2.4.2 Band-diagonal systems


hml
05-06-2009, 06:41 AM
In Bandec::Bandec ctor,
where we rearrange the storage a bit, taking the example (2.4.8), we set a to au, so au looks like (2.4.8)
then we set
au[0][0] from au [0][1]
which is junk (that is 'x' )
At the end of that loop for "rearrange storage", au[0][0]
is still junk.

Later, for row k=0
we use, dum = au[0][0], which is junk

is this normal?

rds,

davekw7x
05-06-2009, 12:04 PM
In Bandec::Bandec ctor,
where we rearrange the storage a bit, taking the example (2.4.8), we set a to au, so au looks like (2.4.8)
then we set
au[0][0] from au [0][1]
which is junk (that is 'x' )

That is not correct. If you follow the calculations carefully, you can see for this example (7x7 system with m1 = 2 and m2 = 1) the input banded matrix elements [0][0] and [0][1] and [1][0] and [6][3] are not used anywhere in the calculations. Therefore, as far as the program is concerned, their values are irrelevant.

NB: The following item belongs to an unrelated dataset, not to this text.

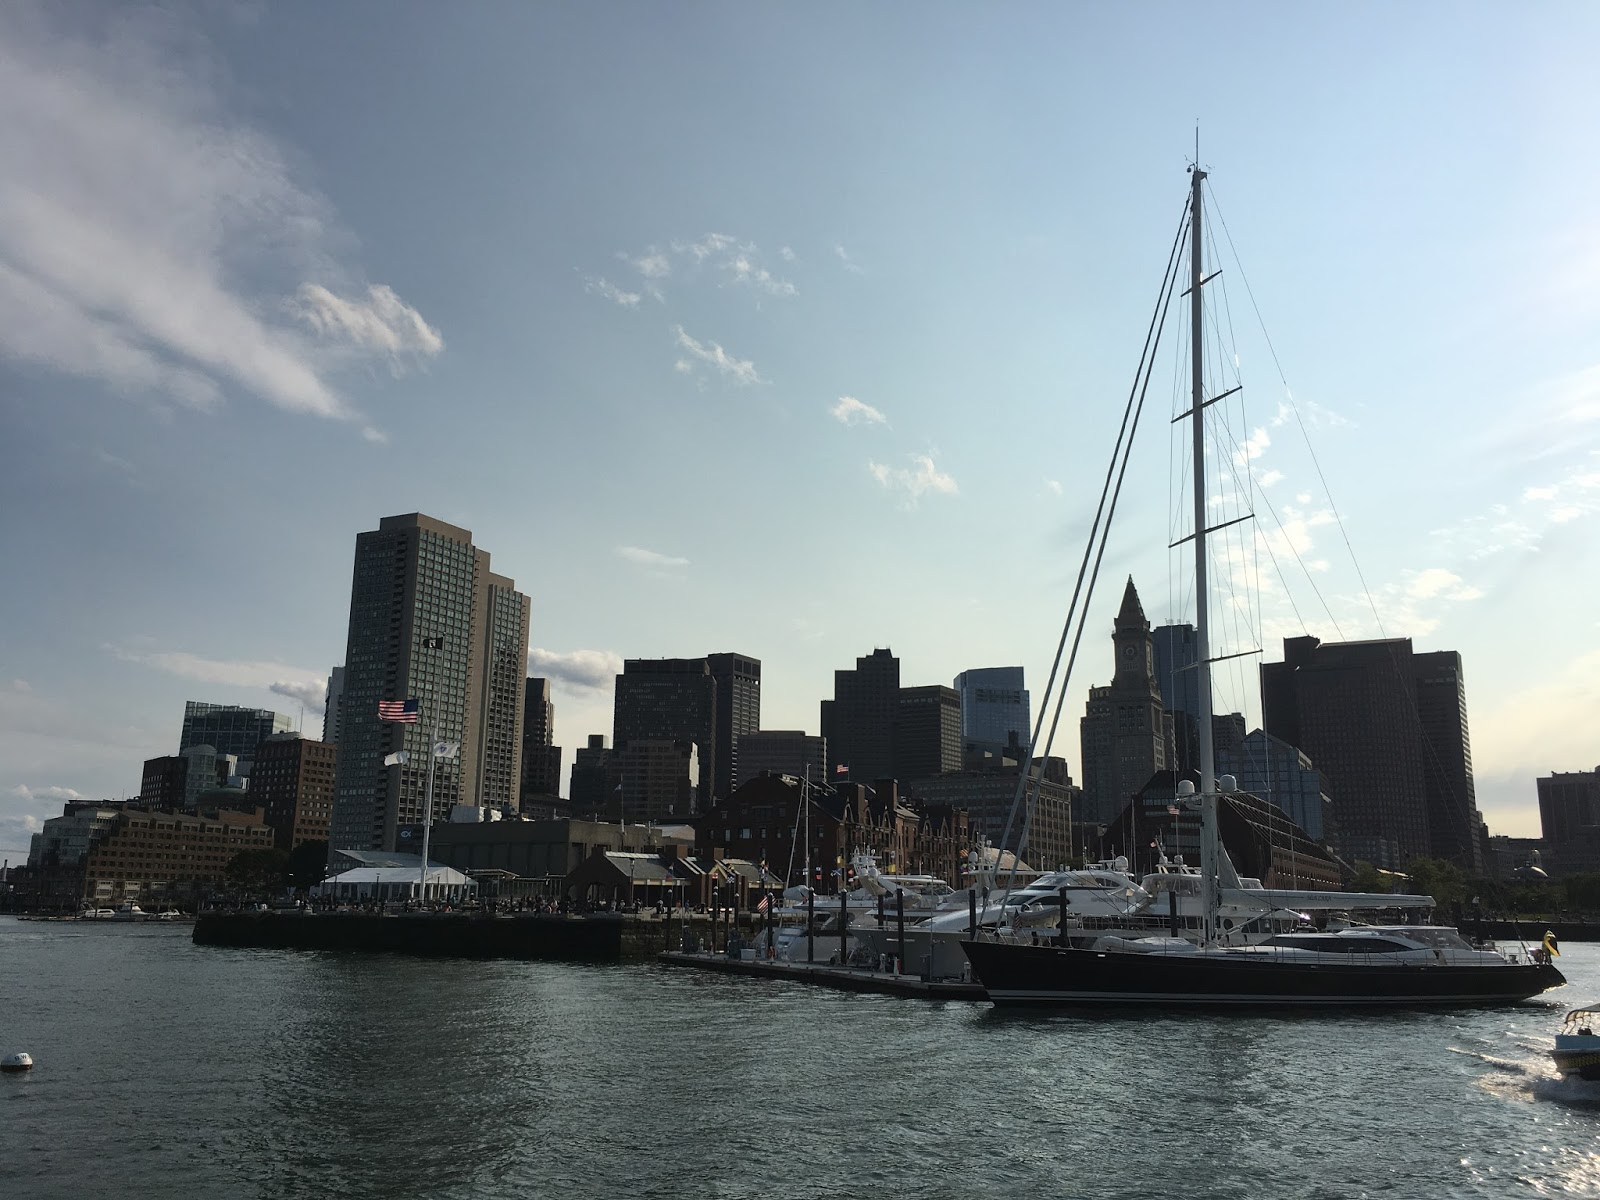 Spectacle-Island-Boston-Harbor-Cruises

In particular here is how the loops at the beginning of the constructor operate to shift the first "m1" rows of the banded matrix copied from the input:

In the constructor with m1 = 2, m2 = 1, mm = 4
i = 0
First "j" loop:
Set au[0][0] equal to the original value of au[0][2]
Set au[0][1] equal to the original value of au[0][3]
Second "j" loop:
Set au[0][2] to zero.
Set au[0][3] to zero.

i = 1
First "j" loop:
Set au[1][0] equal to the original value of au[1][1]
Set au[1][1] equal to the original value of au[1][2]
Set au[1][2] equal to the original value of au[1][3]
Second "j" loop:
Set au[1][3] to zero.


Regards,

Dave

hml
05-07-2009, 02:35 AM
the l index looked like a number 1
so I rearranged wrongle the au[] data
au[i][j-l] = au[i][j-1]
annoying fonts

now it works
thanks

hml
05-08-2009, 06:04 AM
how does the algorithm simplify if the matrix, in addition to being band diagonal, is also symmetric ?

rds,